The clincher arrived when Galton bred sweet peas. In 1875 he distributed seeds to seven friends. Each received 70 seeds, but one received very light seeds, one slightly heavier ones, and so on. In 1877 he measured the weights of the seeds of the resulting progeny. Each group was normally distributed, but the mean weight differed in each case, being comparable to the weight of each seed in the original group. When he
combined the data for all of the groups, the results were again normally distributed, but the variance was bigger – the bell curve was wider. Again, this suggested that combining several bell curves led to another bell curve. Galton tracked down the mathematical reason for this. Suppose that two random variables are normally distributed, not necessarily with the same means or the same variances. Then their sum is also normally distributed; its mean is the sum of the two means, and its variance is the sum of the two variances. Obviously the same goes for sums of three, four, or more normally distributed random variables.

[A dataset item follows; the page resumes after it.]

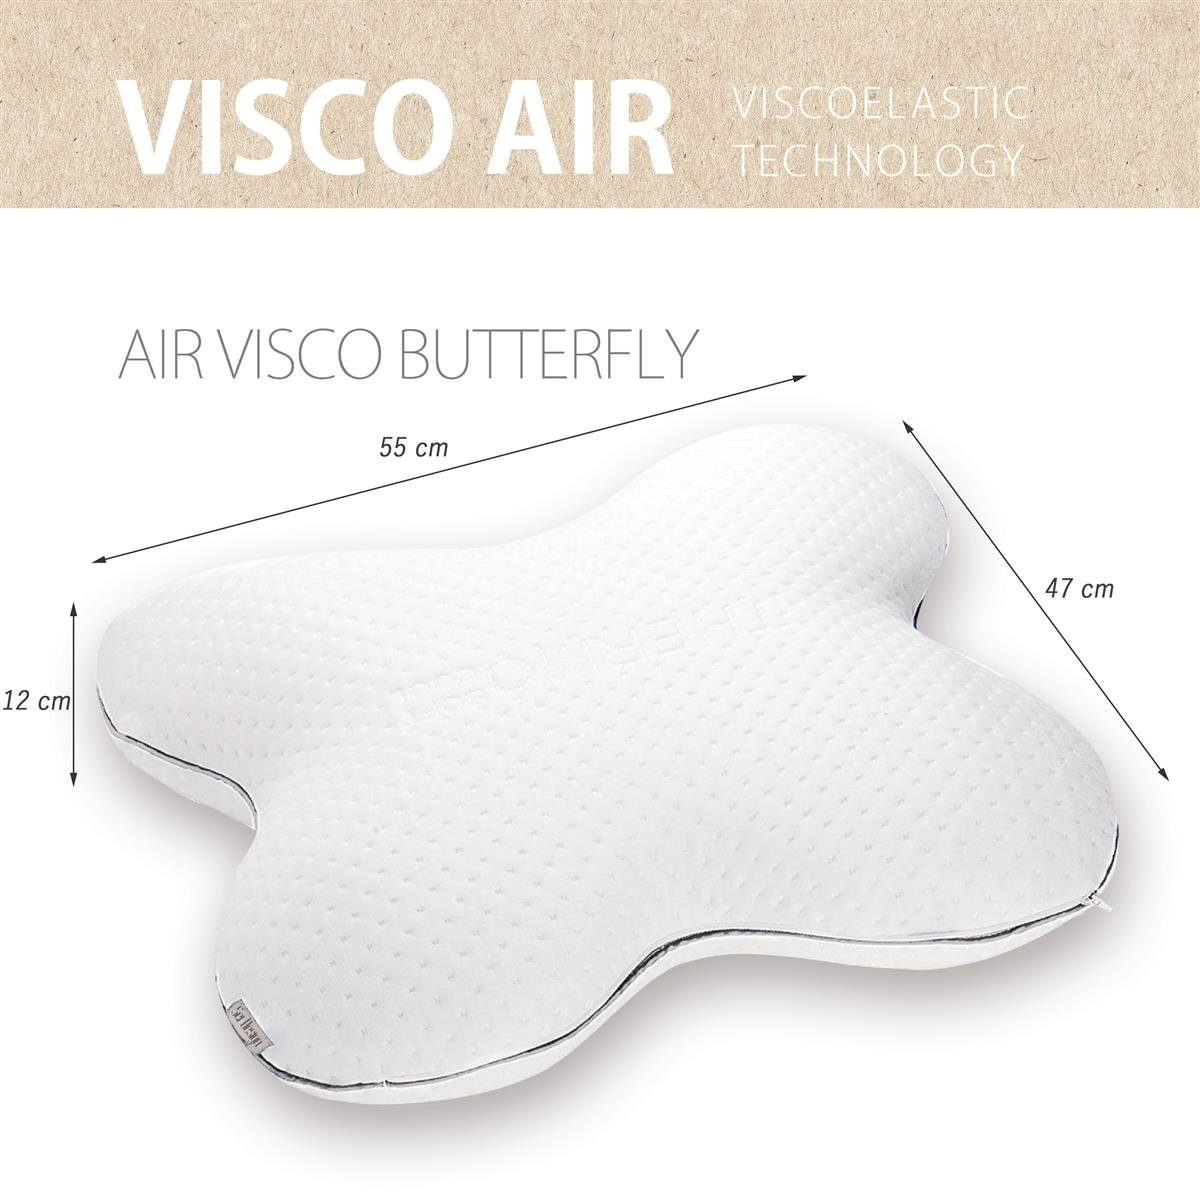 Nackenstützkissen Visco Air Bezug: Memory-Schaum BASF Butterfly, Viscoelastischer Bauchschläfer, Qualitätsschaum Rückenschläfer, Thermoregulierender von deutscher Bezug, SEI Design, - Seitenschläfer

This theorem works when a small number of factors are combined, and each factor can be multiplied by a constant, so it actually works for any linear combination. The normal distribution is valid even when the effect of each factor is large. Now Galton could see how this result applied to heredity. Suppose that the random variable given by the height of a child is some combination of the corresponding random variables for the heights of its parents, and these are normally distributed. Assuming that the hereditary factors work by addition, the child's height will also be normally distributed.

Galton wrote his ideas up in 1889 under the title
Natural Inheritance
. In particular, he discussed an idea he called regression. When one tall parent and one short one have children, the mean height of the children should be intermediate – in fact, it should be the average of the parents' heights. The variance likewise should be the average of the variances, but the variances for the parents seemed to be roughly equal, so the variance didn't change much. As successive generations passed, the mean height would ‘regress' to a fixed middle-of-the-road value, while the variance would stay pretty much unchanged. So Quetelet's neat bell curve could survive from one generation to the next. Its peak would quickly settle to a fixed value, the overall mean, while its width would stay the same. So each generation would have the same diversity of heights, despite regression to the mean. Diversity would be maintained by rare individuals who failed to regress and was self-sustaining in a sufficiently large population.

With the central role of the bell curve firmly cemented to what at the time were considered solid foundations, statisticians could build on Galton's insights and workers in other fields could apply the results. Social science was an early beneficiary, but biology soon followed, and the physical sciences were already ahead of the game thanks to Legendre, Laplace, and Gauss. Soon an entire statistical toolbox was available for anyone who
wanted to extract patterns from data. I'll focus on just one technique, because it is routinely used to determine the efficacy of drugs and medical procedures, along with many other applications. It is called hypothesis testing, and its goal is to assess the significance of apparent patterns in data. It was founded by four people: the Englishmen Ronald Aylmer Fisher, Karl Pearson, and his son Egon, together with a Russian-born Pole who spent most of his life in America, Jerzy Neyman. I'll concentrate on Fisher, who developed the basic ideas when working as an agricultural statistician at Rothamstead Experimental Station, analysing new breeds of plants.